Las agujas del reloj giran y avanzan sin pausas,
cruelmente, como pequeñas máquinas de tortura perfectamente programadas.
La cama me resulta incómoda, o quizás lo son más los
pensamientos que giran en mi cabeza.
En la madrugada de un domingo suena de fondo alguna
canción, una de esas con sobredosis de recuerdos.
Alguna canción de pereza, la voz de Leiva llega dentro de
mí con un suave ‘llévame al baile’, entra en mi cabeza
e invita a bailar a todos mis recuerdos, los lleva y los trae, los hace girar y
dar volteretas al compás de un piano.
¿Quién sabe por qué ocurren así las cosas? Algún tal vez
hace palpitar alguna cicatriz. Alguna cicatriz causada por todo aquello que
pasó por tu vida y se marchó dejando un vacío.
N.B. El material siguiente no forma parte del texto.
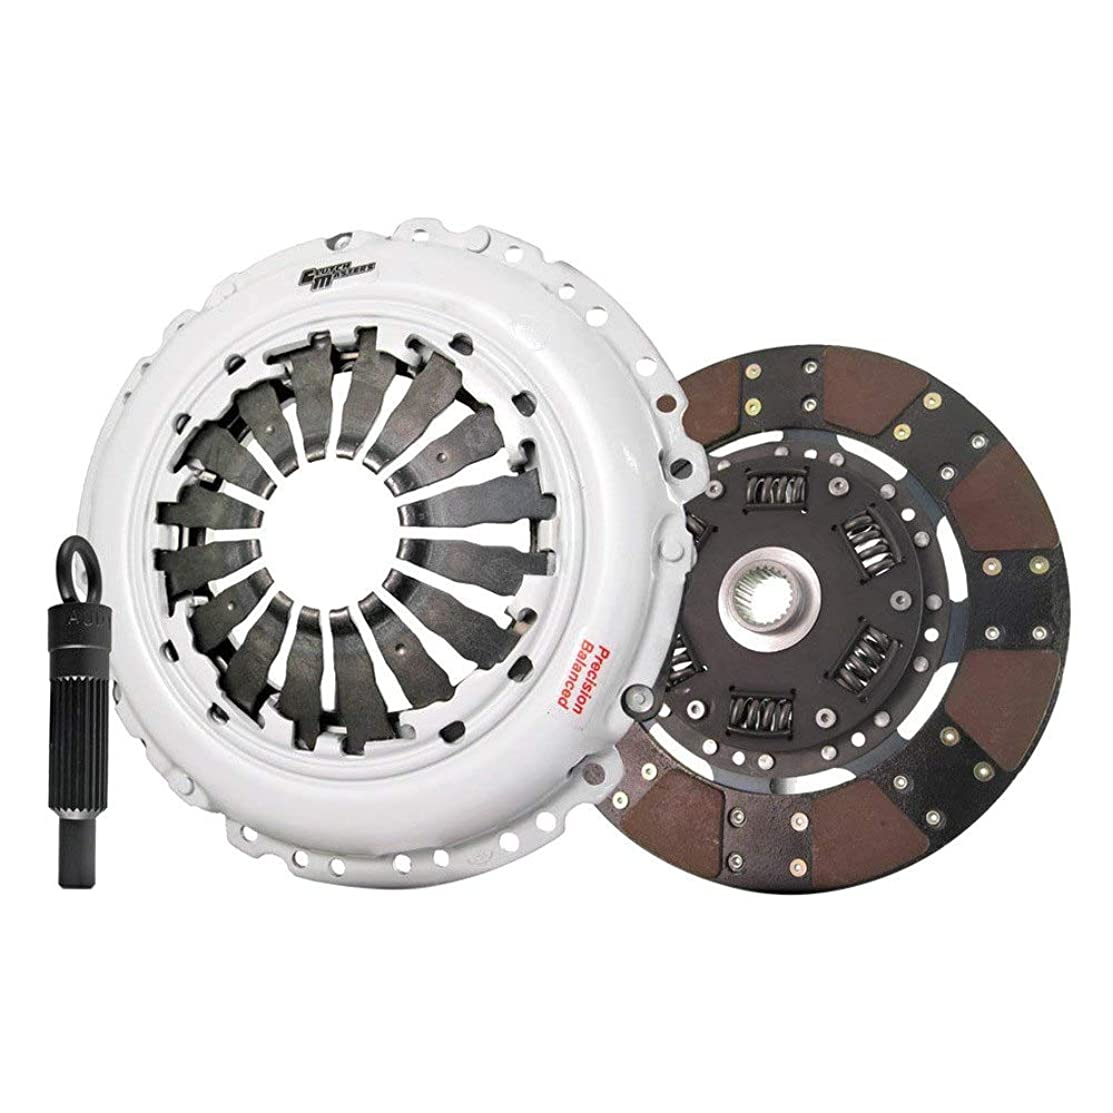 Clutch Masters 05500-HD0F-D Single Disc Clutch Kit with Heavy Duty Pressure Plate (Fiat 500 2012-2014 .)

Algún error de esos que cambian completamente el rumbo de
todo, como cuentan del efecto mariposa, todos los pequeños detalles que
marcaron las grandes diferencias, como pequeñas mariposas cuyo aleteo provoca
huracanes en la otra punta del mundo.
Todas las personas que llevamos tatuadas en el alma, nos
guste o no.
Todas las sonrisas que cambiaron nuestra vida y curaron
el dolor.
Y todas las
miradas que calaron el alma en una corchea de alguna canción.